1. Definition
MAE measures the average magnitude of errors between predictions and actual values, without considering direction (positive/negative).
$MAE = \frac{1}{N} \sum_{i=1}^N |y_i – \hat{y}_i|$
where:
- $N$ = number of predictions
- $y_i$ = actual value
- $\hat{y}_i$ = predicted value
2. Intuition
- It tells us “on average, how far off are our predictions?”
- Errors are in the same units as the target variable (e.g., dollars, kWh, degrees).
- Unlike RMSE, it does not penalize large errors disproportionately.
3. Example
Suppose actual vs predicted electricity demand (in MW):
| Observation | Actual ($y$) | Predicted ($\hat{y}$) | Error $|y – \hat{y}|$ |
|---|---|---|---|
| 1 | 100 | 90 | 10 |
| 2 | 200 | 220 | 20 |
| 3 | 400 | 360 | 40 |
$MAE = \frac{10 + 20 + 40}{3} = 23.3$
→ On average, predictions are 23.3 MW off.
4. Properties
- Range: 0 → ∞
- Interpretability: Directly understandable (same units as target).
- Robustness: Less sensitive to outliers than RMSE.
- Limitation: Treats all errors equally, so large mistakes are not penalized more heavily.
5. Comparison with Other Metrics
- MAE: Average absolute deviation (linear penalty).
- RMSE: Penalizes larger errors more (quadratic penalty).
- MAPE: Error expressed as a percentage (relative scale).
- R²: Proportion of variance explained, not an absolute error.

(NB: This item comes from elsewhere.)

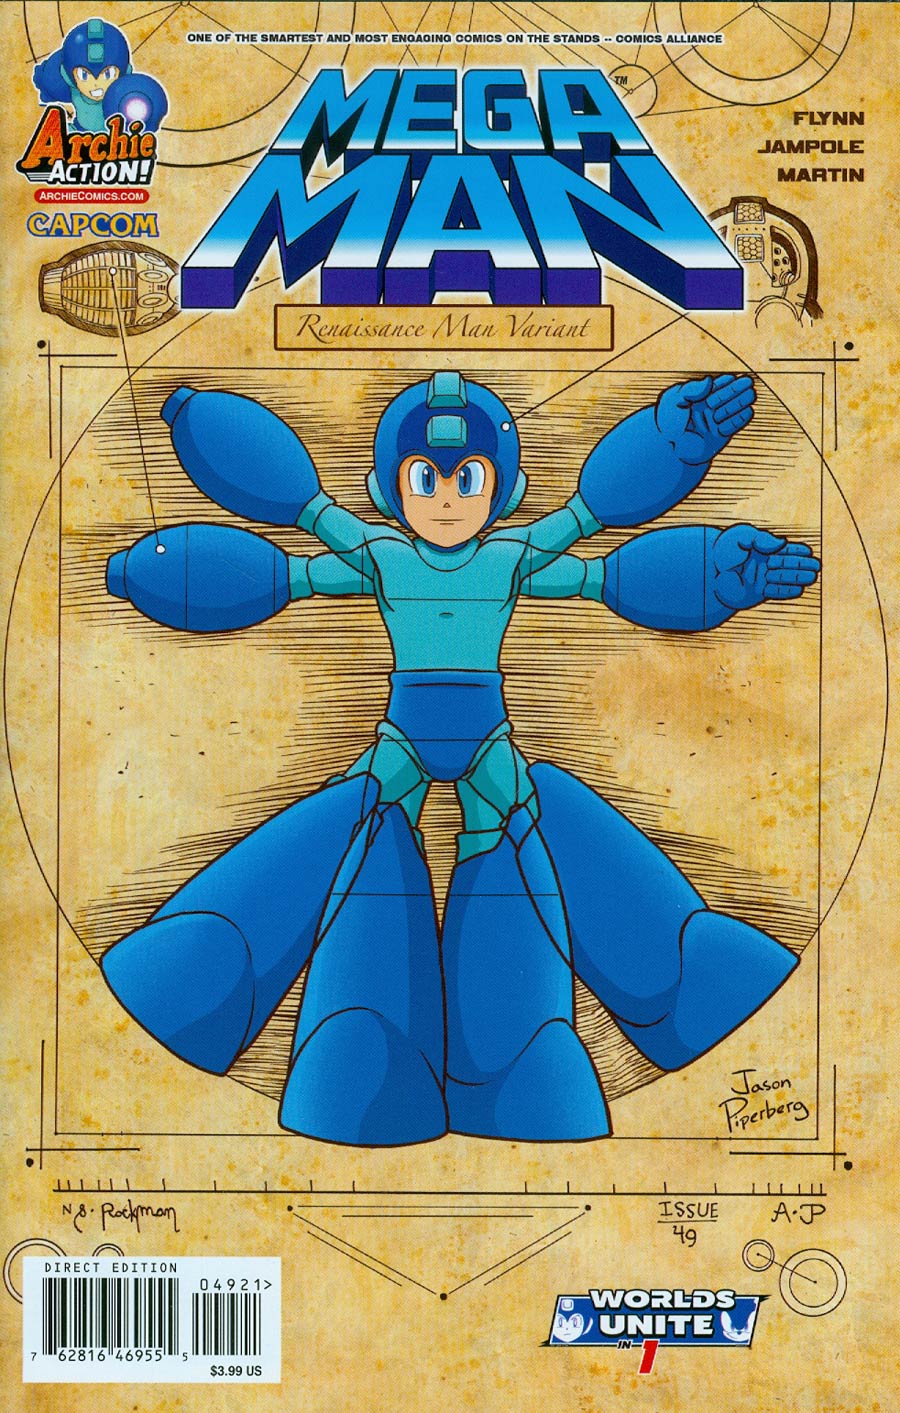 Mega Man Vol 2 #49 Cover B Variant Jason Piperberg Renaissance Man Cover (Worlds Unite Prelude)

Use MAE when you want a straightforward, interpretable average error.
Use RMSE when large errors are especially costly.
6. Python Example
from sklearn.metrics import mean_absolute_error
y_true = [100, 200, 400]
y_pred = [90, 220, 360]
mae = mean_absolute_error(y_true, y_pred)
print("MAE:", mae)
Output:
MAE: 23.3
Summary
- MAE = average of absolute differences between actual and predicted values.
- Range: [0, ∞], lower = better.
- Same units as target → very interpretable.
- Less sensitive to outliers than RMSE.